Fox News adds that in the meeting – the sixth of its kind since Russia became directly involved in the Syrian Civil War at Iran’s behest – Netanyahu hinted at the possibility of unilateral Israeli action to keep Iran from developing a deeper foothold in Syria. But by communicating this warning to the Russian government, Netanyahu seemed to also be hinting that the possibility that Moscow could still adjust its regional policies to help rein in Tehran. The Russian government has shown various signs of being increasingly closely aligned with the Islamic Republic at a time when both are facing pressures from the US and its allies. But Russia has also maintained close ties with Iran’s sworn enemy, Israel, making the future dividing lines in regional conflicts somewhat less clear.

At the height of the Syrian Civil War, various international analysts suggested that divergent Russian and Iranian interests in the region might eventually harm the alliance. This evidently has not yet come to pass, but Netanyahu expressed sustained optimism on Wednesday, saying that his past interactions with Putin had served both Israeli and Russian interests, and that the same thing appeared to be true of the latest meeting.

Tensions Getting Better or Worse?

Another report on Wednesday cast a different sort of doubt upon the nature and extent of the tensions and alliances in the region. Al Jazeera reported that Iranian Foreign Minister Mohammad Javad Zarif had announced plans for mutual diplomatic visits between Iran and regional rival Saudi Arabia. Zarif suggested that these visits could take place as soon as the first week of September, immediately after the end of the hajj pilgrimage. This claim is sure to be regarded with surprise by many observers who had been following the dramatic expansion in tensions between the two states.

Tehran has clearly contributed to these tensions, as when it accused the Saudis of being behind a pair of Islamic State attacks in the Iranian capital in June. But the Iranian government has also periodically tried to downplay the tensions, or at least Tehran’s part in them, perhaps in the interest of making Iran seem like a more stable target for investors in the wake of the nuclear agreement.

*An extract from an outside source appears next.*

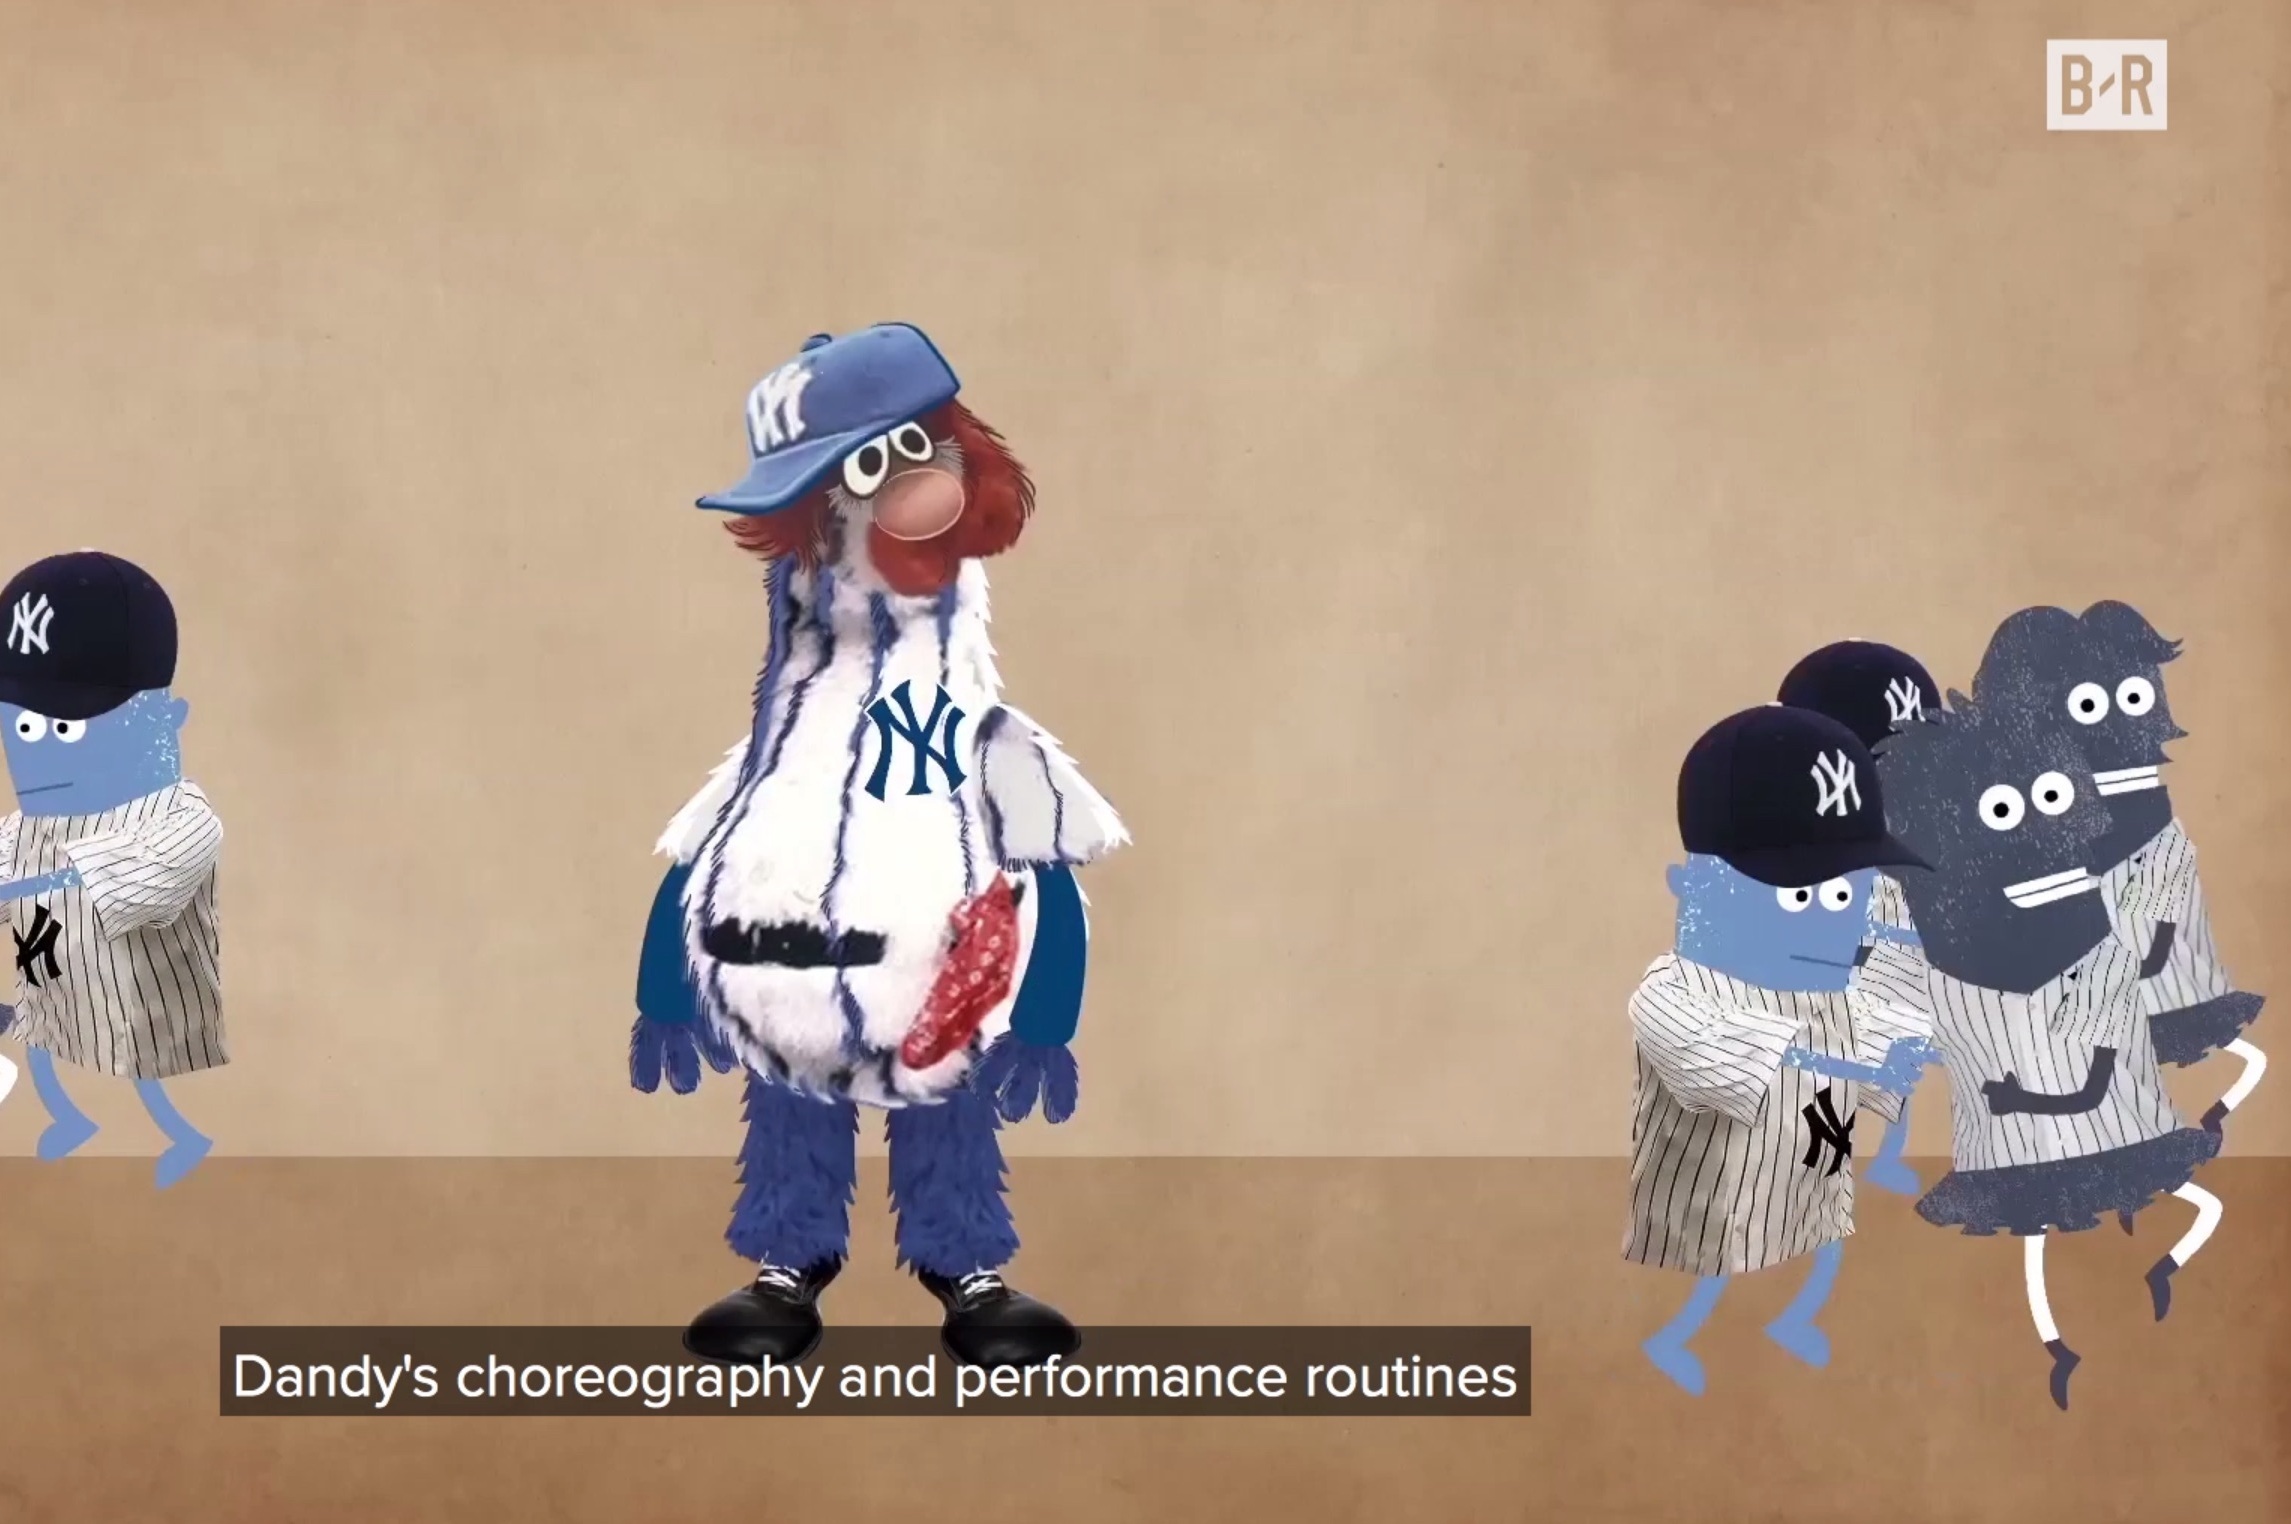 Dandy”, The Forgotten NY Yankees Mascot – SportsLogos.Net News

These facts may put Zarif’s claims of diplomatic exchange in a different light, especially as Saudi Arabia continues to act along the same lines as Israel in pushing back against Tehran’s regional influence.

This pushback was the subject of an AFP report on Wednesday, which affirmed that the Saudis and their established allies are still pursuing closer ties with Iraqi power players in the hopes of preventing Iran from establishing a long-term presence there after the defeat of Islamic State militants. The report notes that border openings between Iraq and Saudi Arabia challenge Iranian dominance over Iraq’s imports at a crucial time for Iran’s efforts to spur its own economic recovery.

Furthermore, the AFP report indicates that the Iraqi Shiite cleric Muqtada al-Sadr has expanded his push for the dismantling of Iran-backed paramilitary forces in Iraq, following his visits to both Saudi Arabia and the United Arab Emirates. This situation also shows the regional divisions to be more complicated that they might appear at a glance, because Sadr led Shiite militias in fighting the US forces during their occupation of Iraq.

Nevertheless, this seems to indicate that between suspicions about Iran’s nuclear ambitions and its pursuit of regional hegemony, there are various opportunities for parties with otherwise divergent interests to find common cause in putting pressure on the Islamic Republic of Iran.